B.A La légitimité historique est épuisée par l’usure et le poids du temps. On a également usé jusqu’ à la corde la légitimité sécuritaire. La stratégie du « choc et effroi » a été largement utilisée, notamment par ceux qui étaient en peine de faire valoir une quelconque légitimité « maquisarde ». Elle a tétanisé les Algériens qui ont laissé passer toutes les dérives du système pour peu qu’on n’attente pas à leur vie. On invoque maintenant la légitimité patriotique. « Nous sommes plus patriotes que vous », argumentent le régime et ses relais pour contrer la protesta.
C’est dans la même veine qu’a été invoqué l’esprit novembria-badissia[4]. L’association de ces deux vocables est un subterfuge destiné à ratisser large et à isoler une partie de la population stigmatisée comme étrangère aux valeurs de novembre et de l’Islam assimilées au patriotisme.
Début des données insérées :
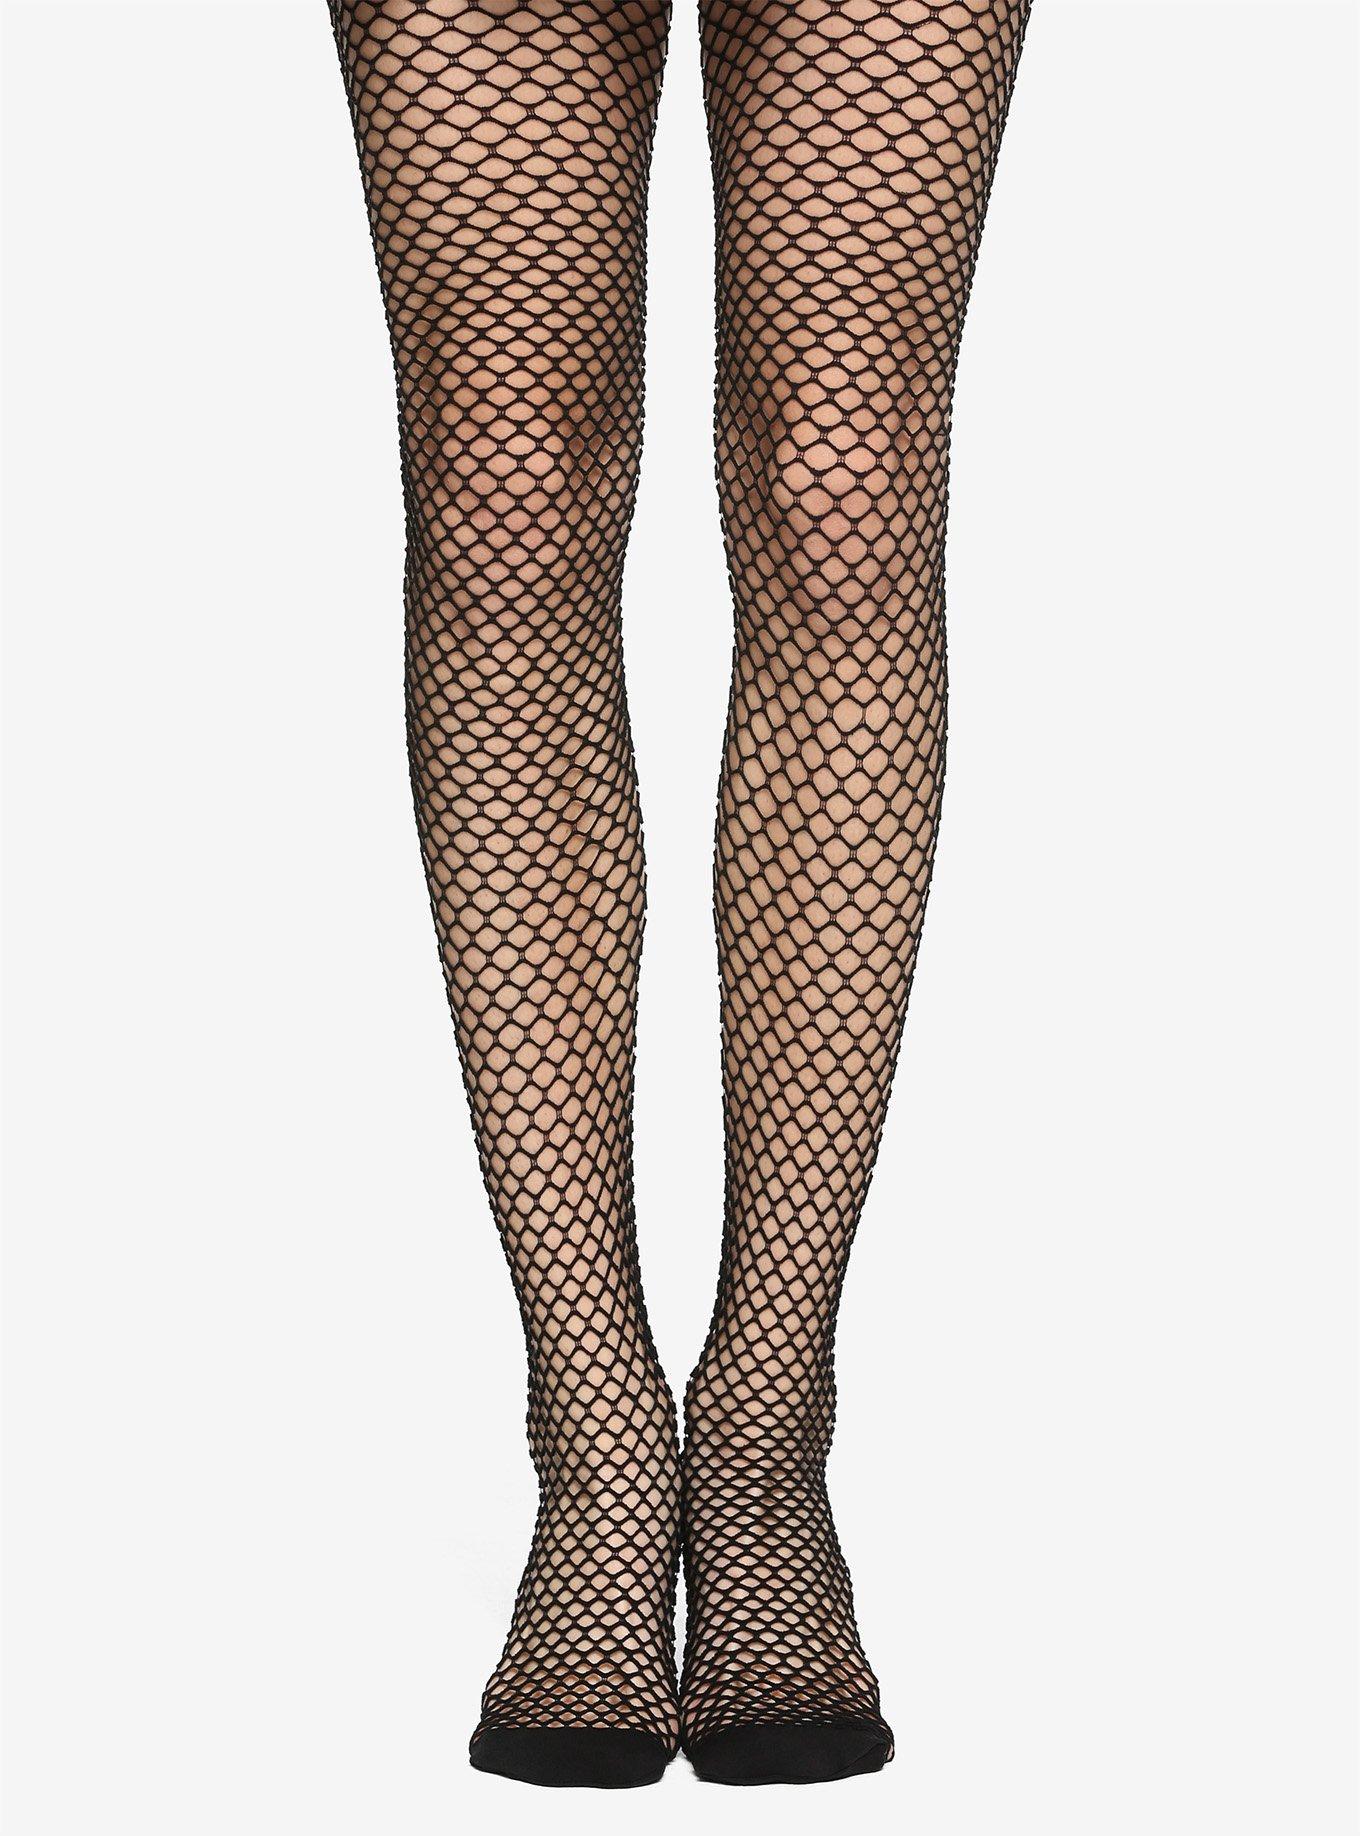 Mid-Thigh Length Fishnet Stockings

C’est une ruse grossière qui montre à quel point les stratèges du contre-Hyrak sont à court d’imagination.
Ce qui est plus grave est que le Haut commandement militaire laisse faire, lui qui a la mission historique de rassembler et d’unir le peuple durant cette phase critique de son histoire. Pis, il entre dans le jeu en faisant arrêter des porteurs d’emblème amazigh[5], un emblème ni étranger ni ennemi et plutôt symbole de l’unité et de l’identité nord africaines, et qui n’est d’aucune manière l’antithèse de l’emblème de sang national algérien. Il y a quelque part un déficit de raison politique.
Il eut été plus avisé et dans l’intérêt suprême du pays et de l’institution militaire, de s’approprier ce concept qui rassembla en 2018 les Algériens d’est en ouest et du nord au sud, le jour de Yennayer, fête millénaire du monde Amazigh.
L’autre manière de rassembler et de décrisper la nation était d’invoquer en même temps que novembre, les valeurs soummamiennes[6] devenues les mots d’ordre du Hyrak. Au lieu de cela, on stigmatise, on crée de la diversion et on divise. C’est une vision de l’Etat et de la nation qui manque de hauteur.